A Workbook Exercise on Necrotizing Enterocolitis
Fredric D. Burg MD1
Richard A. Polin MD2
1 Associate Dean for Academic Programs, University of Pennsylvania School of Medicine, Philadelphia
2 Assistant Professor of Pediatrics, Children's Hospital of Philadelphia, University of Pennsylvania
Readers will immediately notice that the following article departs from the usual style in medical journals. We all recognize that active learning is far better than passive, but this is difficult to achieve in the usual journal article. Drs Burg and Polin have developed a sequential workbook approach in the following article which will require your active participation. We believe that it will result in better learning, but would appreciate reader comment.
R.J.H.
The following are a series of exercises aimed to help you in: (1) identifying the factors that cause necrotizing enterocolitis (NEC); (2) Explaining the pathophysiology of NEC; (3) developing a proper approach to diagnosing necrotizing enterocolitis in the neonate; and (4) managing a newborn with this disease.
EXERCISE 1
Factors That Contribute to Development of Necrotizing Enterocolitis
Please read through the following case history.
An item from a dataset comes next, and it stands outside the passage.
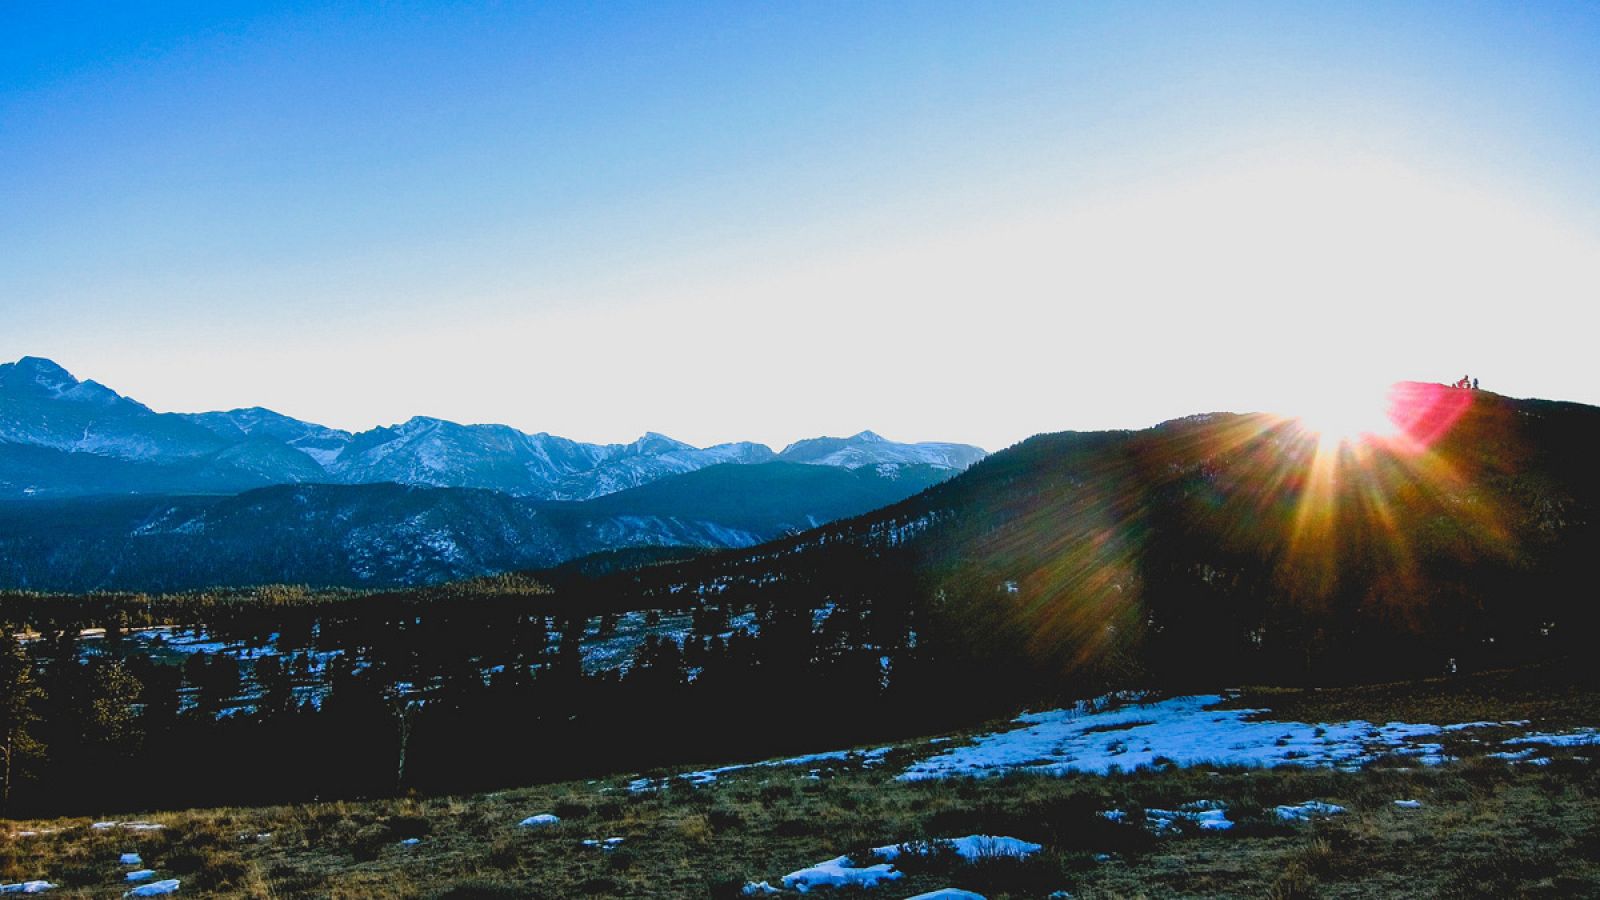 Un paisaje de alta montaña en Colorado, Estados Unidos

K.W. was a 1,600-gm girl delivered to a 17-year-old primigravida by emergency cesarean section for fetal distress at 31 weeks' gestation. Apgar scores at one and five minutes were 2 and 5. The infant was given 3 mEq of sodium bicarbonate through an umbilical vein (UV) catheter in the delivery room and then intubated. Following admission to the intensive care nursery an umbilical arterial (UA) catheter was inserted and positioned at L-1.